There had been practically no town planning for the Victorian cities. In vast areas of London and other cities there was no open space within reach of the children, whose only playground outside the school yard was the hard and ugly street. To millions the divorce from nature was absolute, and so too was the divorce from all dignity and beauty and significance in the wilderness of mean streets in which they were bred, whether in the well-to-do suburb or the slum. The new education and the new journalism were both the outcome of these surroundings and partook of their nature. A generation bred under such conditions might retain many sturdy qualities of character, might even with better food and clothing improve in physique, might develop sharp wits and a brave, cheery, humorous attitude to life, but its imaginative powers must necessarily decline, and the stage is thus set for the gradual standardization of human personality. There, was increasing awareness of this ugliness. Ruskin inspired the rising generation of writers and thinkers with a sense of disgust at the ugliness of industrial civilization. Looking back through history, they thought they saw fairer world than modern' Lancashire. But there was no going hack, except in imagination.
Spread of Education
During the period under question, education was not only a national requirement on the necessity for which al! were agreed; it was also the chief battleground of various religious groups. A sort of religious compromise was reached and England was enabled to obtain a system of universal primary education without which she must soon have fallen into the rear among modern nations. The average school attendance rose from one and a quarter million to four and a half million, while the money spent on each child was doubled. But the state did little as yet for Secondary Education; nor was there a sufficient ladder of school scholarship to the Universities for the ablest children in primary schools.
The Empire: The Colonies
Social life in Victorian England would have been a very different thing, if it had not been the centre of a great maritime trade, and of an Empire. For generations past, the ways of thought and habits of life in English towns and villages had been strongly influenced by her overseas connections. During Victoria's reign, when the tide of emigration was still running stronger than ever, the postage stamp kept the emigrant in touch with his people at home. Often he returned home and told tales of the lands he had visited. In this way human manner, the middle and lower classes knew quite as much about the 'Empire' as their 'betters'. The professional and upper classes also went out to careers all over the world to govern, and trade, and hunt. Englishmen got lucrative appointments in India and other colonies. In this manner, a vast and varied overseas experience was for ever pouring back into every town and every hamlet in Victoria's England.

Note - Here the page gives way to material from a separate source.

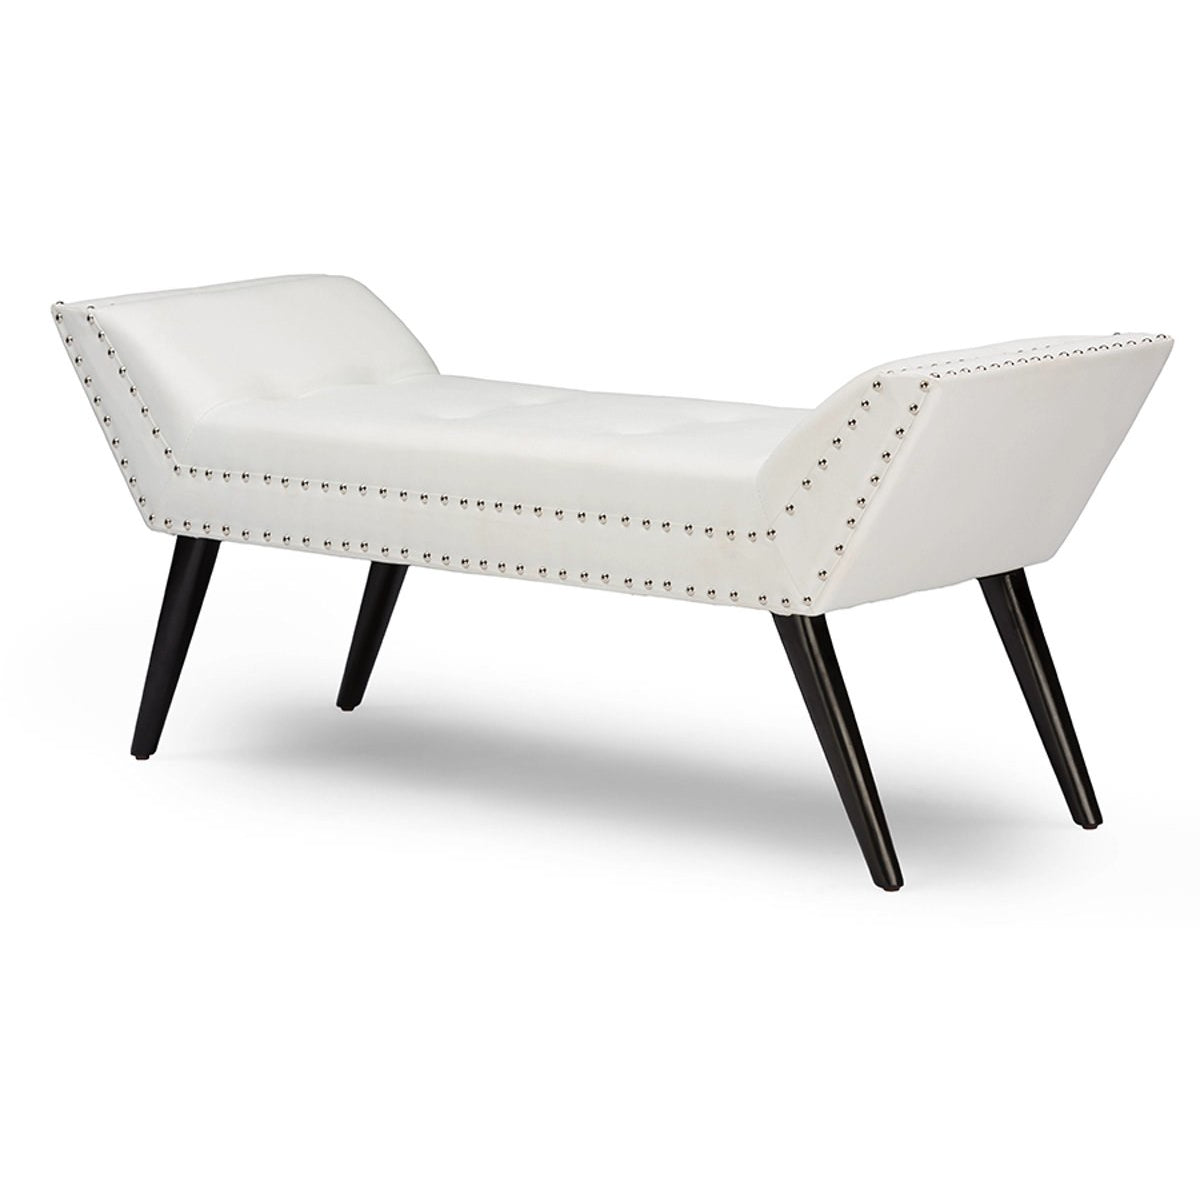 Baxton Studio Tamblin Modern and Contemporary White Faux Leather Upholstered Large Ottoman Seating Bench Baxton Studio-benches-Minimal And Modern - 2

An Era of Peace and Complacency
Victorian prosperity and Victorian civilization, alike in their grosser and their higher aspects, were due to a long immunity from great wars and from any serious danger to the nation. Safe behind the shield of the navy, Englishman thought of all the problems of life in terms of peace and security which were in fact the outcome of temporary and local circumstances, and not part of nature's universal order. On the whole, England's supremacy on the high-seas was used on the side of peace, goodwill and freedom. Thus developed the Victorian complacency, the Victorian faith in the supremacy of the English nation, and the Victorian faith in endless progress. To the Englishman, foreign affairs were a branch of liberal and conservative politics, tinged with emotion, a matter of taste, not a question of existence.